Gastrointestinal stromal tumours (GISTs) are the most common mesenchymal neoplasms of the gastrointestinal tract and are believed to originate from the interstitial cells of Cajal (1–3). GISTs are characterised by the expression of the type III receptor tyrosine kinase KIT encoded by the KIT proto- oncogene (4), thus KIT immunohistochemistry has been used as a diagnostic marker of GISTs (4,5). Since Hirota et al (6) first reported the KIT mutation in 1998, a number of studies have reported that the majority of GISTs have oncogenic mutations in KIT (7,8). A small subset of GISTs was also found to possess activating mutations in the platelet-derived growth factor receptor A (PDGFRA) gene (9,10).

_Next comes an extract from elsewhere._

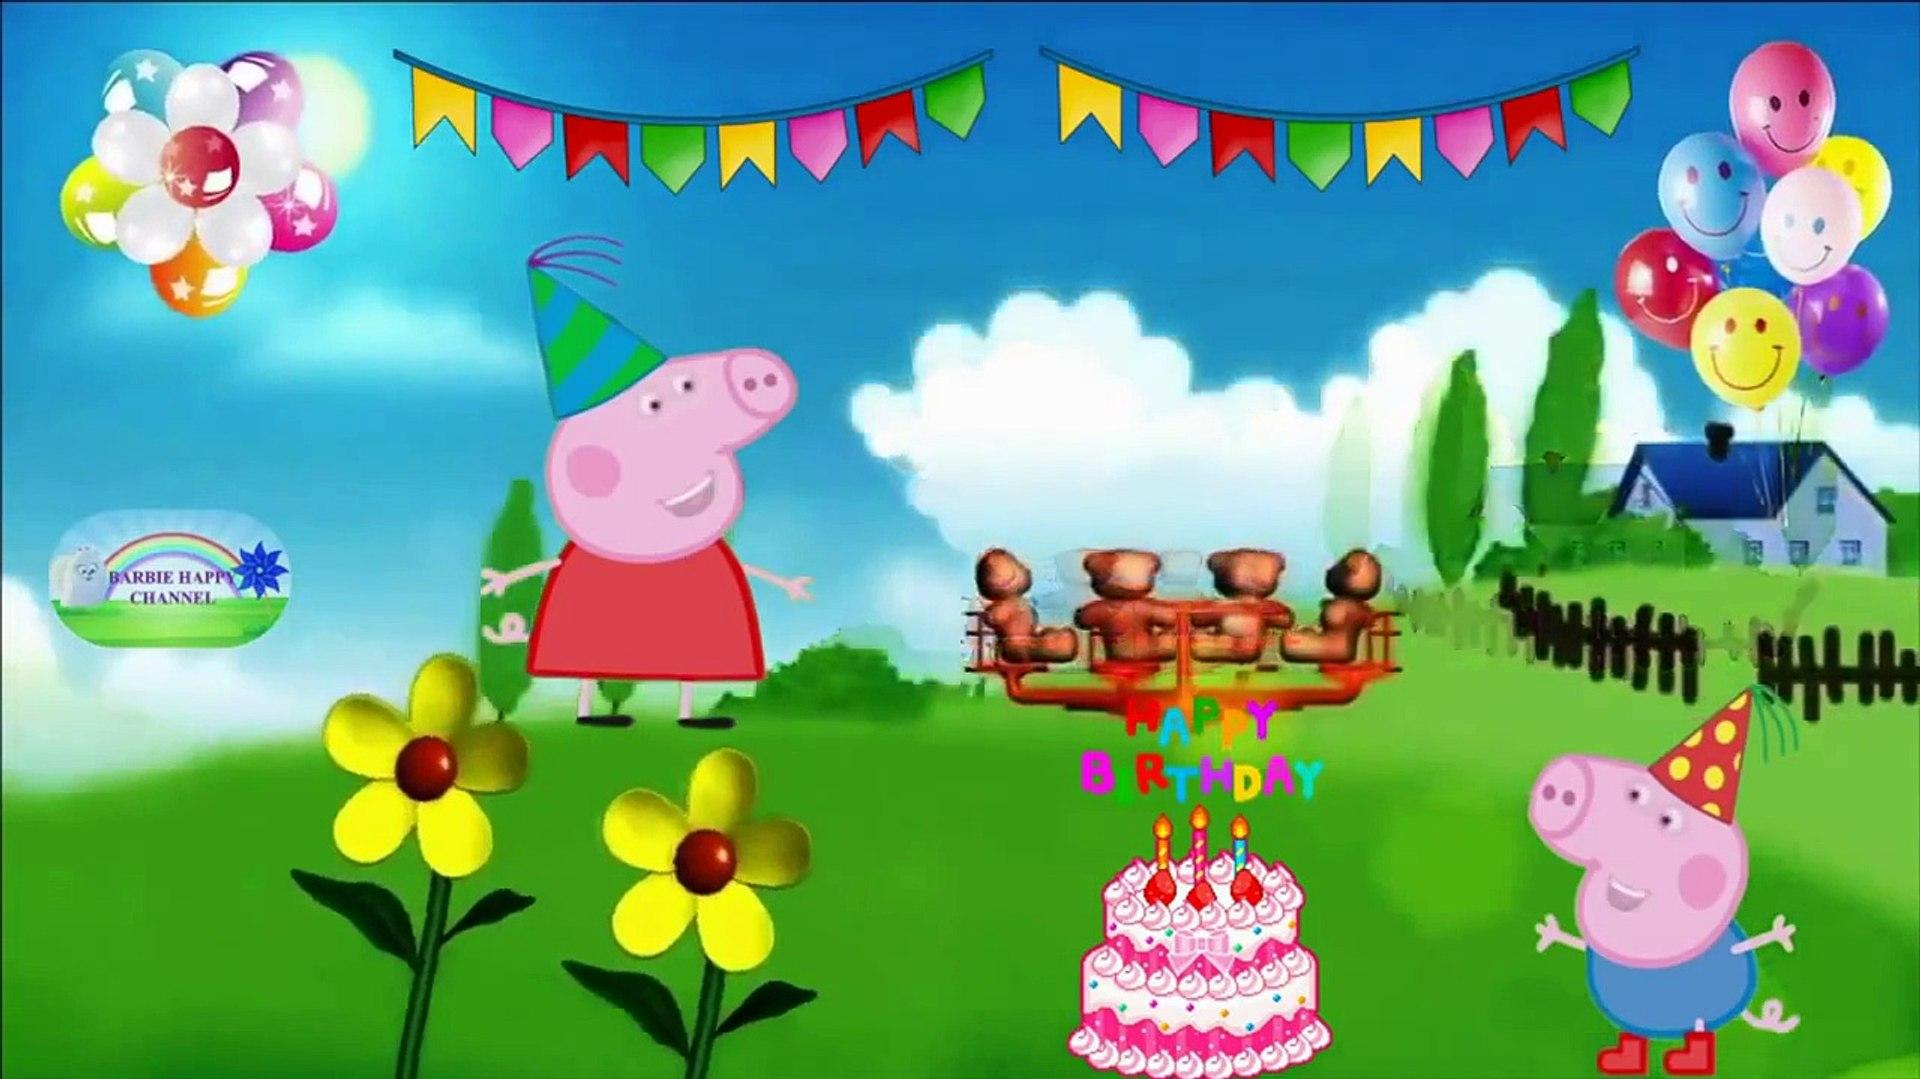 Happy BirtHDay Song Peppa Pig Nursery Rhymes Kids Songs And
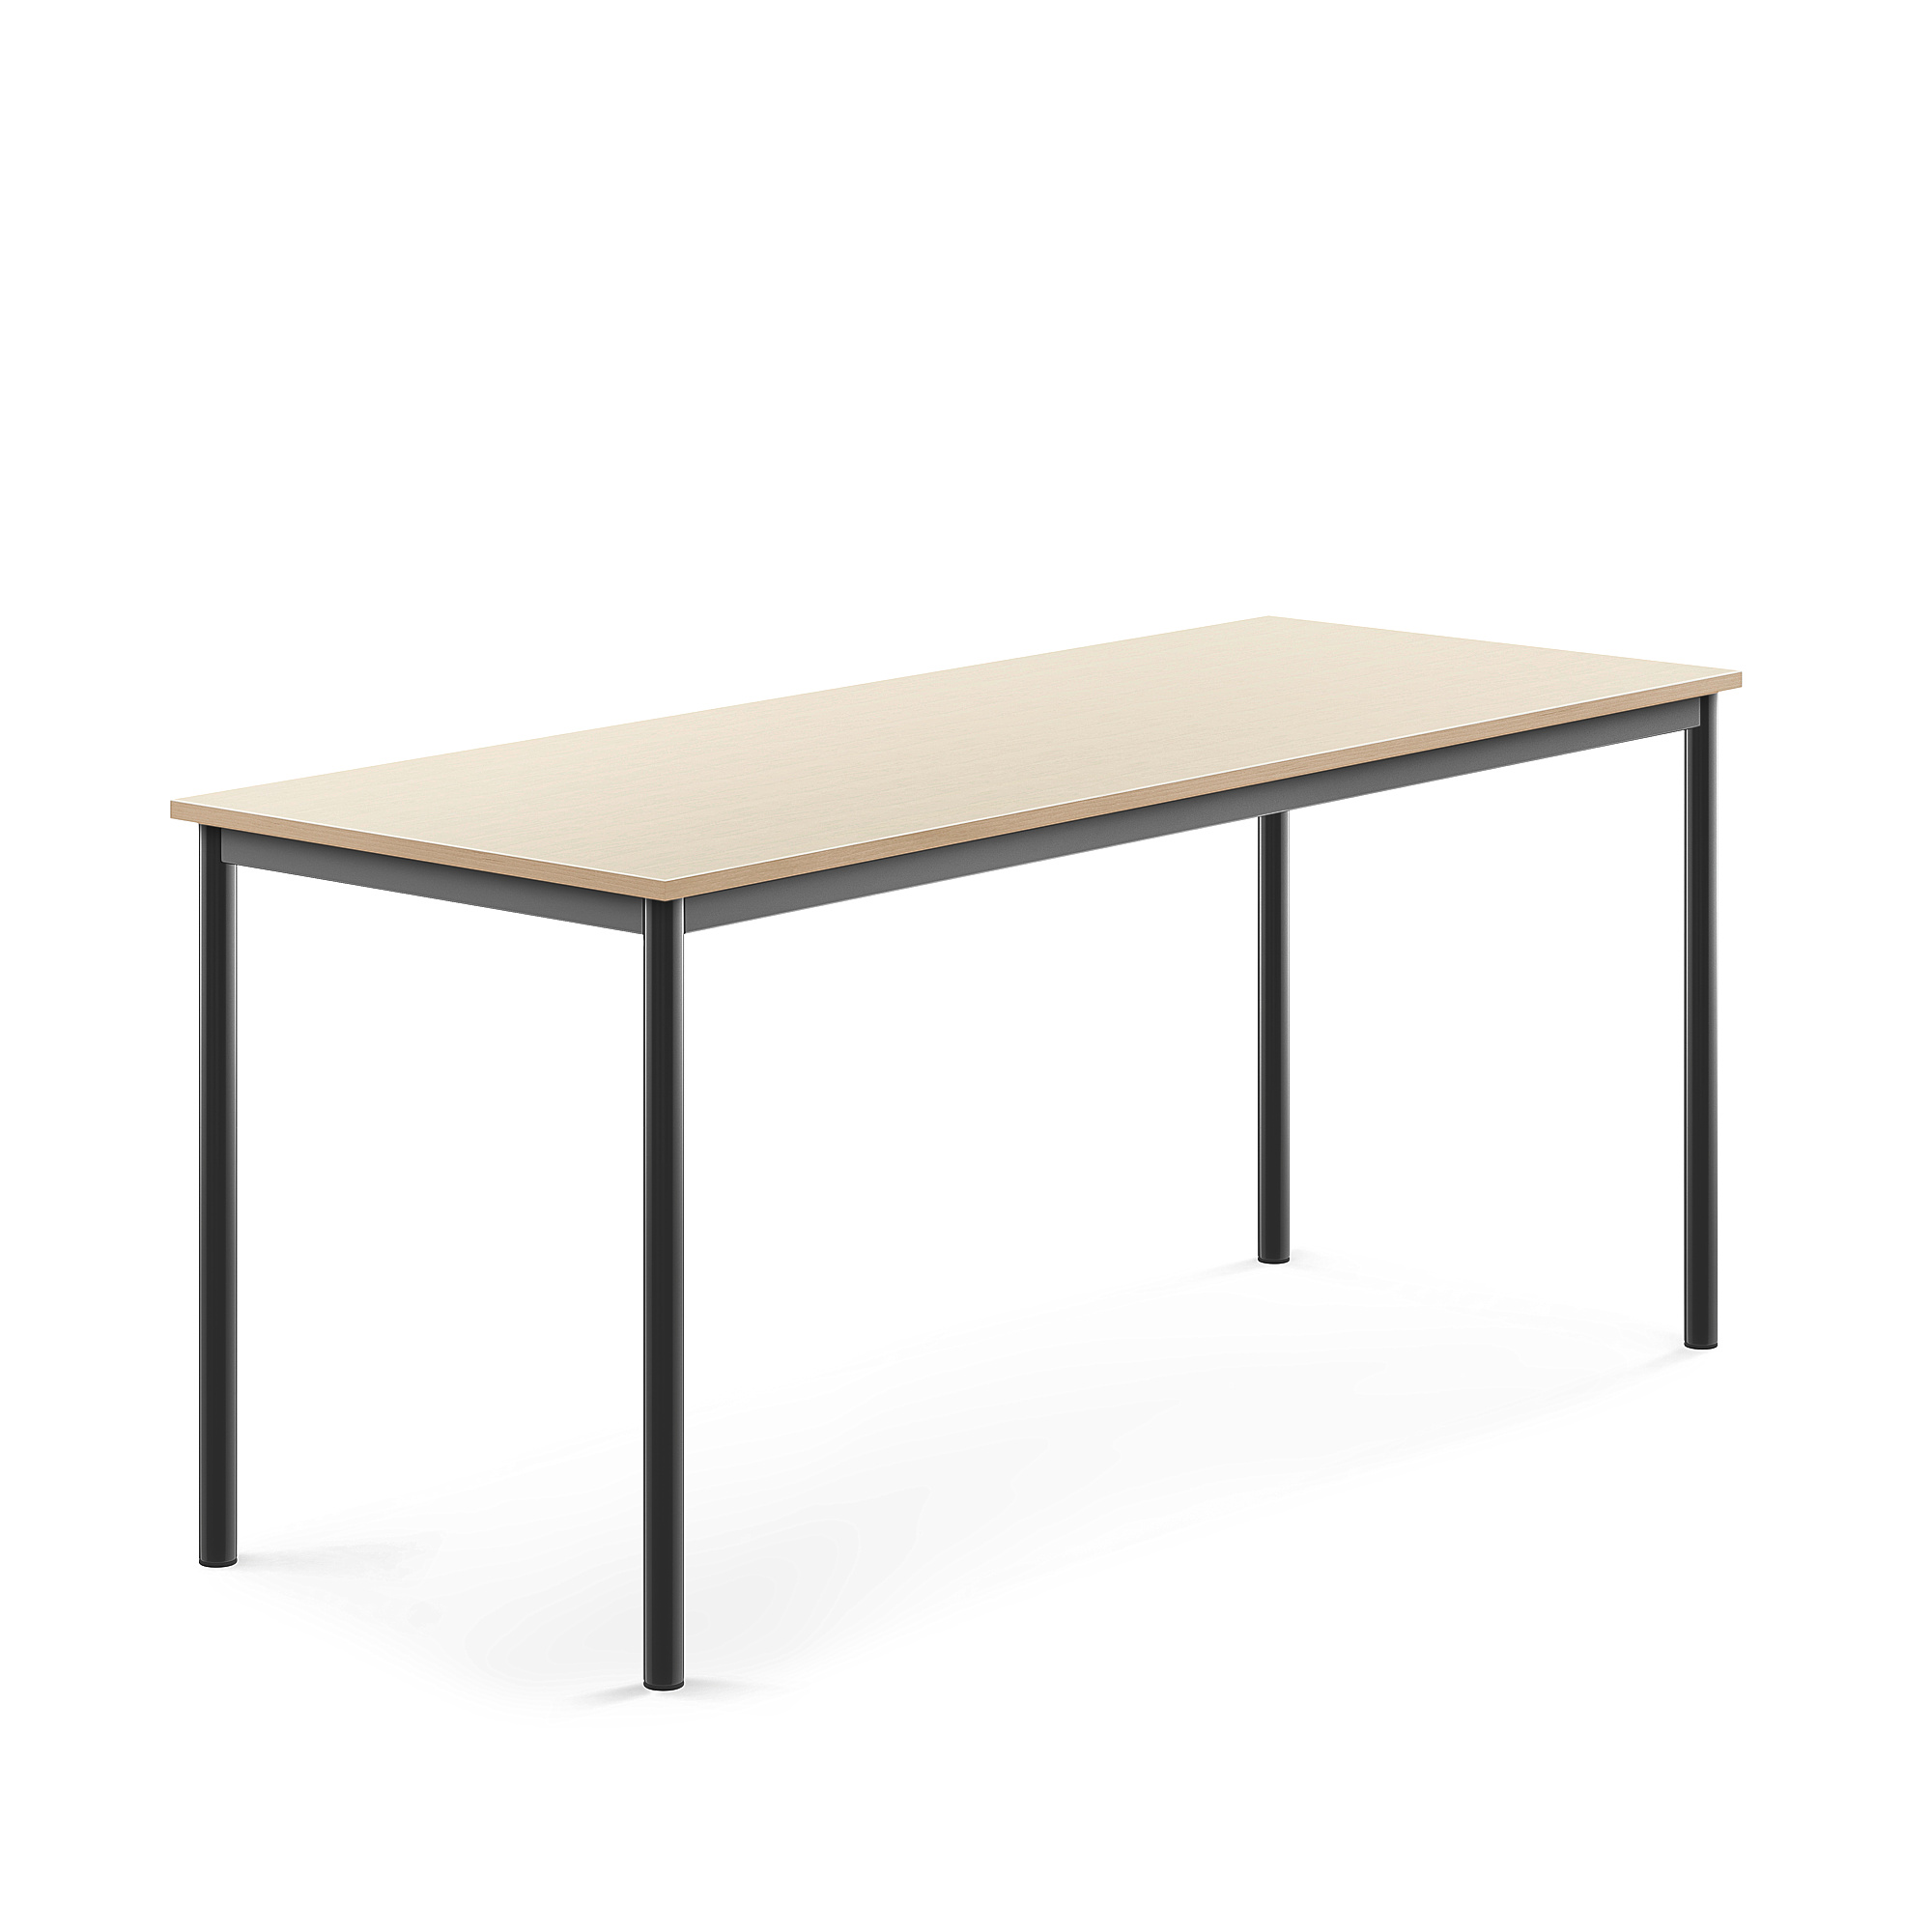 Stůl SONITUS, 1800x700x760 mm, antracitově šedé nohy, HPL deska tlumící hluk, bříza

Therapeutic targeting with the tyrosine kinase inhibitor imatinib (Glivec, STI571) has been shown to be effective in patients with advanced or unresectable GISTs (11,12). Imatinib is an inhibitor of a number of tyrosine kinases, including the intracellular kinase ABL, the growth factor receptors KIT and PDGFR-A and -B and their oncogenic activated forms (13). Imatinib competes with adenosine triphosphate (ATP) for the ATP-binding site of the kinases, preventing downstream signalling (14,15). Imatinib is now successfully used in the treatment of advanced GISTs (16,17) and chronic myelogenous leukaemia (18,19). Its clinical activity in other neoplasms has also been reported, including chordoma (20) and dermatofibrosarcoma protuberans (21).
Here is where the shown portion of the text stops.